By Celia McGuinness. She is managing attorney at the Law Office of Paul Rein, a small firm practicing disability rights law in Oakland.
Trial attorneys need to be adept at telling jurors a story, but they also must make jurors understand a case intuitively and emotionally. That can be particularly difficult when the case involves lots of technical concepts or documents. And the more difficult it is to grasp the facts or framework of a case, the less time and energy jurors have left over to understand and adopt a narrative.
Constantly improving courtroom technologies help attorneys overcome this challenge and present concepts and conclusions more effectively. Apps and other technologies are changing even the kinds of ideas lawyers can convey and the variety of ways they can appeal to jurors. A concept or mechanical feature that once might have taken several minutes or even hours to digest using words and static drawings now may take a judge or juror only a second to absorb from animated graphics. These also can depict complicated relationships among parties or describe a highly elaborate process, such as the hoops that inventors must jump through to get a patent.

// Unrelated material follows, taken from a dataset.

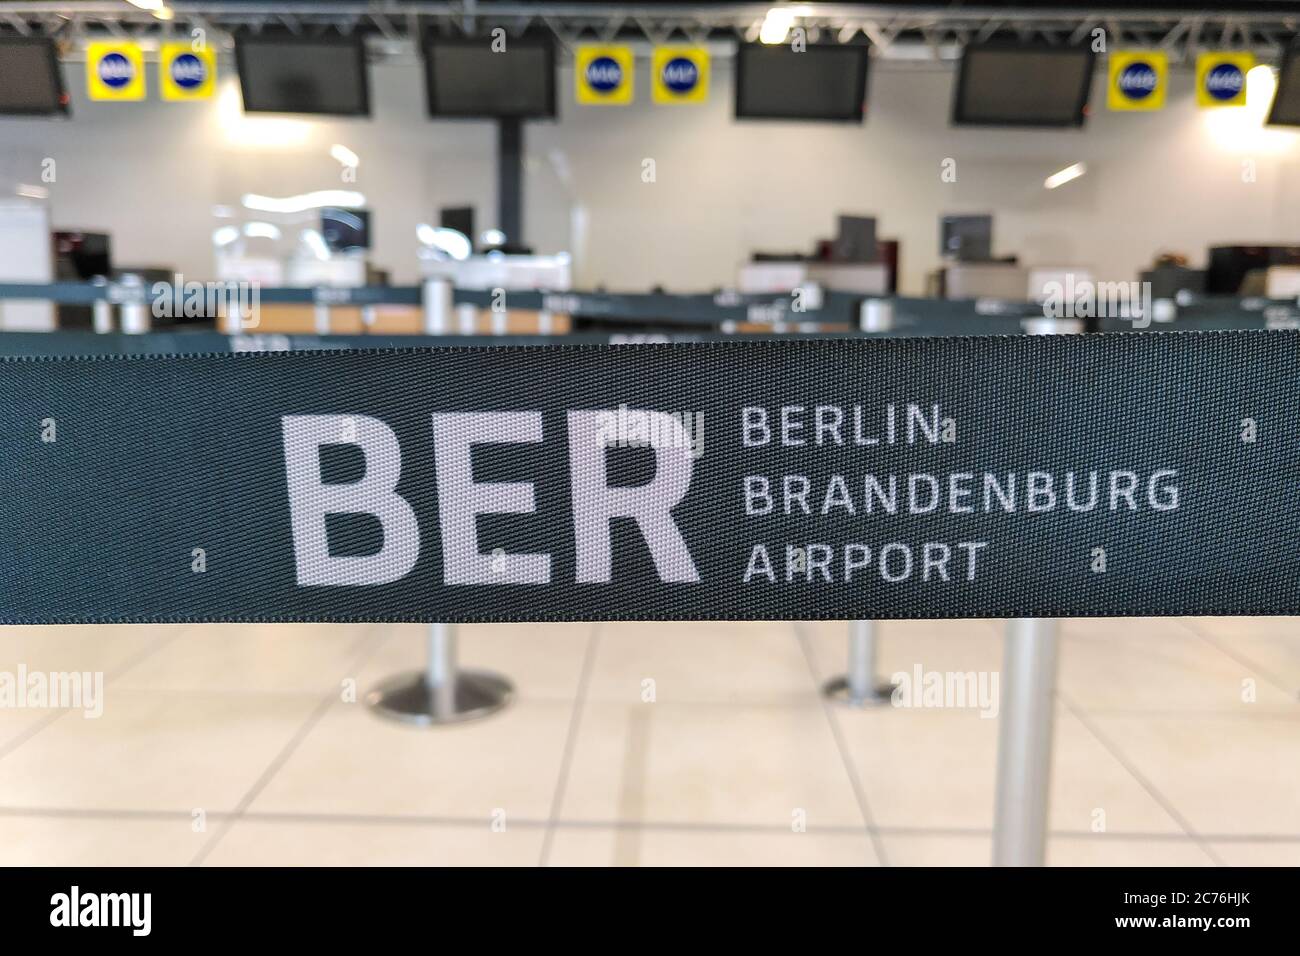 Barrier tape for BER Berlin Brandenburg airport used at Schönefeld airport at the deserted check-in desks during the coronavirus crisis in Germany. Stock Photo

“Different jurors absorb and retain information differently. If you have something for the visual learner, the aural learner, and the kinesthetic learner, you have maximized your opportunity to persuade,” says Miles Cooper, a personal injury trial attorney in San Francisco.
Attorneys can create some visuals themselves using commonly available technology such as photography and video, of course. The simplest tool for showing an image to a jury may be the Elmo Visual Presenter, essentially an overhead projector with video capability. An attorney also can place a three-dimensional model on the Elmo’s viewing panel and move it around so jurors can see it “up close” from various angles without actually handling it. Most trial consultants consider Elmo a utilitarian backup to newer trial presentation software.
New animation software is much more powerful for attorneys than the circles and lines and “dissolves” of a PowerPoint presentation. You may need to hire a graphic designer, but the potential is limited only by your imagination. Cooper has commissioned simple animations, such as enhancing an MRI of a spinal herniation with coloration so it’s easier to see. He has used complex animation to show a surgical procedure. A graphic designer can also take a complicated image, such as a map, and remove some details and enhance others in order to emphasize the salient aspects of a location.
Working on an employment disability discrimination case, trial graphics consultant Debra Murov created an animation of a highway traversing rolling hills to illustrate all the opportunities an employer had – and missed – to end its discrimination against the plaintiff. During closing argument, her client, the plaintiff’s counsel, used the animation to demonstrate how many times the employer made bad choices, pointing to exit signs that popped up along the road with labels such as “Failure to engage in the interactive process.”
“Instead of just hearing the attorney list each violation, the jury got to watch them pop up and anticipate what the next one would be. It kept them highly attentive,” says Murov. (View the animation on her website at www.envisionlit.com.)
Graphics and animation used demonstratively are admissible under state and federal law. In a case involving the fatal shooting of a police officer, the California Supreme Court found that, with the appropriate foundation, animation is proper demonstrative evidence and not inherently prejudicial, despite its potentially powerful effect upon a jury. The defendant had objected to a crime-scene re-creation that was intended to show the location and order of shots fired; the court ruled it was admissible because it accurately represented the expert’s opinion. (See People v. Duenas, 55 Cal. 4th 1 (2012).)
Of course, basic presentation software like PowerPoint and its Apple analogue, Keynote, can be used to create time lines, organizational charts, and even simple animated dissolves, where words and images fade in and out or move across the screen. And PowerPoint is now available as an app for tablets.
But attorneys and consultants agree that visuals should serve a narrative and not be used for their own sake. That means the best tool of all is sometimes an old-fashioned marker on a giant pad of paper.
“One very effective closing I heard about from several other attorneys was by my partner, Jean Hyams, in an employment discrimination case,” says plaintiffs attorney Leslie Levy of Oakland. “[Hyams] had the employer’s policy blown up on a piece of foam core on an easel. Then, during her argument she took a black marker to it.” The vigor of her movement and the graphic elimination of whole sections of text that the employer had ignored conveyed a powerful image without any software at all.
Levy cautions that exhibits involving technology must have a specific point, just like every other element of a trial, and they won’t succeed if they look gimmicky. “I like that we are using tech. [But] we should use it when it makes it better for the trier of fact. Don’t use it just because it’s there.”
Above all, attorneys should take time well in advance of a trial to begin preparing demonstrative evidence. “Even a simple time line takes time to plan and edit. It should be worked out hand-in-hand with your opening statement,” says litigation graphics consultant Michael Kelleher, a partner at Cogent Legal in Oakland.